In the first pre-print (Rosequete and Kleine-Vehn), the authors explore the question of how Araidopsis lateral root growth transitions from non-gravitropic to gravitropic. The timing of this transition is important to define the effective root angle and impacts the extent of soil exploration. Knowing that the PIN auxin eflux carriers are important for gravity perception, the authors show that the de-repression and polarization of PIN7 is correlated with the onset of the gravity response. Interestly, the authors show that the timing of this transition varies based on the age of the lateral root – lateral roots closer to the hypocotyl have a longer delay than those closer to the root tip.

The second pre-print (Feraru, et al.) investigates the organ growth response of Arabidopsis roots to elevated temperatures. It was previously known that high temperatures (26-29C) result in increased root growth, but the mechanisms by which this growth is mediated have remained a mystery. In this study, the authors investigate the function of member of the PIN-LIKES (PILS) family, PILS6 in high temperature-mediated root responses. PILS are putative auxin carriers that localize to the endoplasmic reticulum (ER), which limit auxin signaling via sequestration. The authors provide evidence for a model in which growth at high temperatures (29C) results in the transcriptional and post-translational repression of PILS6, which leads to an increase in auxin signaling and subsequent increases in root growth.

 

What I like about this work

My favorite part of these papers is how they illustrate the elegant complexities of plant hormone signaling. Both root responses are the outcome of elevated auxin signaling, yet these studies demonstrate two different pathways to get there: for one, the de-repression of polarized efflux carriers results in local auxin increases, and in the other, the repression of a protein that sequesters auxin results in local auxin increases.

 

 

Future directions

This work presents intriguing new directions and opens up new lines of inquiry.

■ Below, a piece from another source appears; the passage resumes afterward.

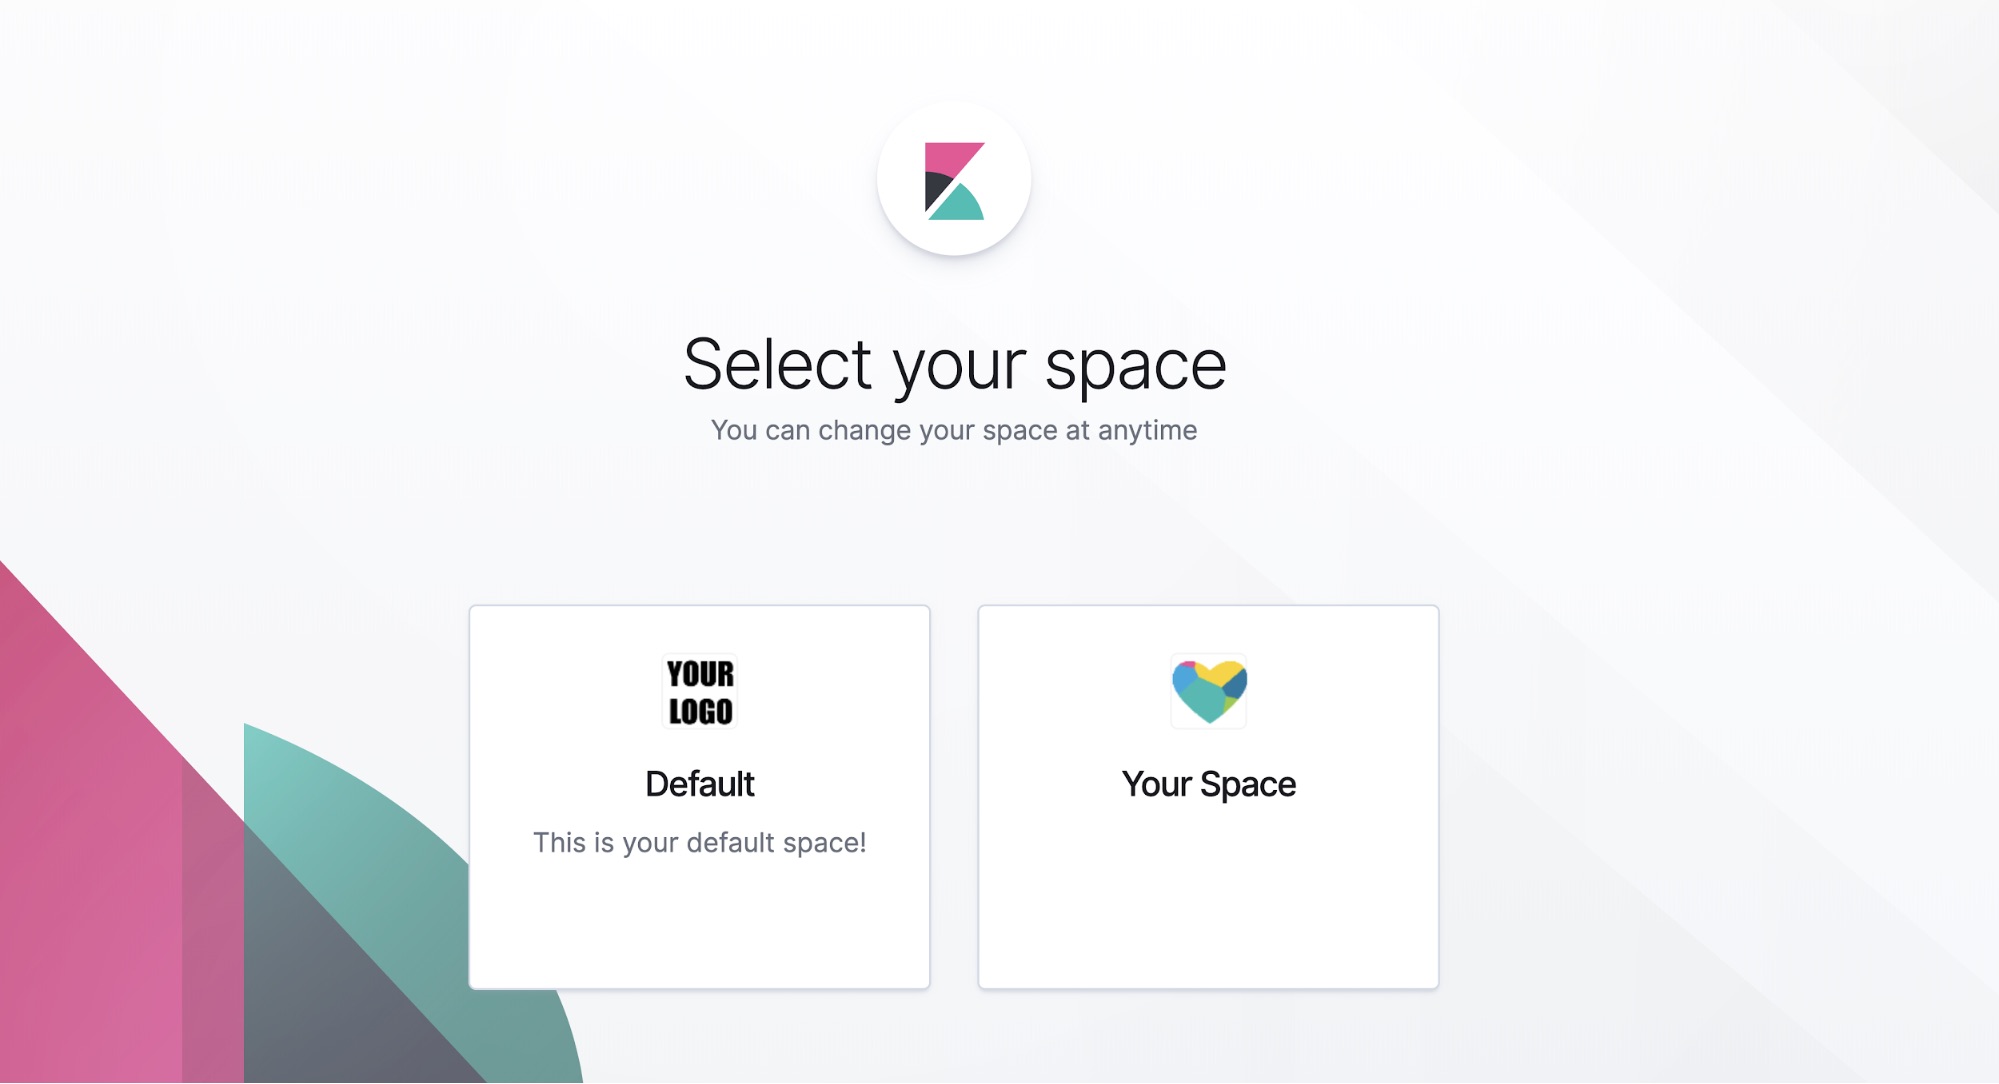 In Kibana 7-5 you can customize the icons associated with each of your Spaces by uploading custom images.

  1. The result from Rosquete and Kleine-Vehn that the plateau phase of “older” lateral roots is longer than “younger” lateral roots begs the question of how lateral roots know how old they are? Is this perhaps another role for auxin and that distance from the auxin maxima at the root tip can help a lateral root know its age?
  2. Continuing from Feraru et al., how does PhyB thermoreception impact the root responses to high temperature? Is there any integration between the roots and shoots or are temperatures independently perceived by different organs?
  3. Looking forward at the integration of these two studies – how does the plateau phase of lateral roots change in response to high temperatures? Is there any signaling feedback between the PILS6-mediated high temperature regulation of nuclear auxin availability and the PIN7-mediated re-distribution of auxin during the termination of lateral root plateau phases?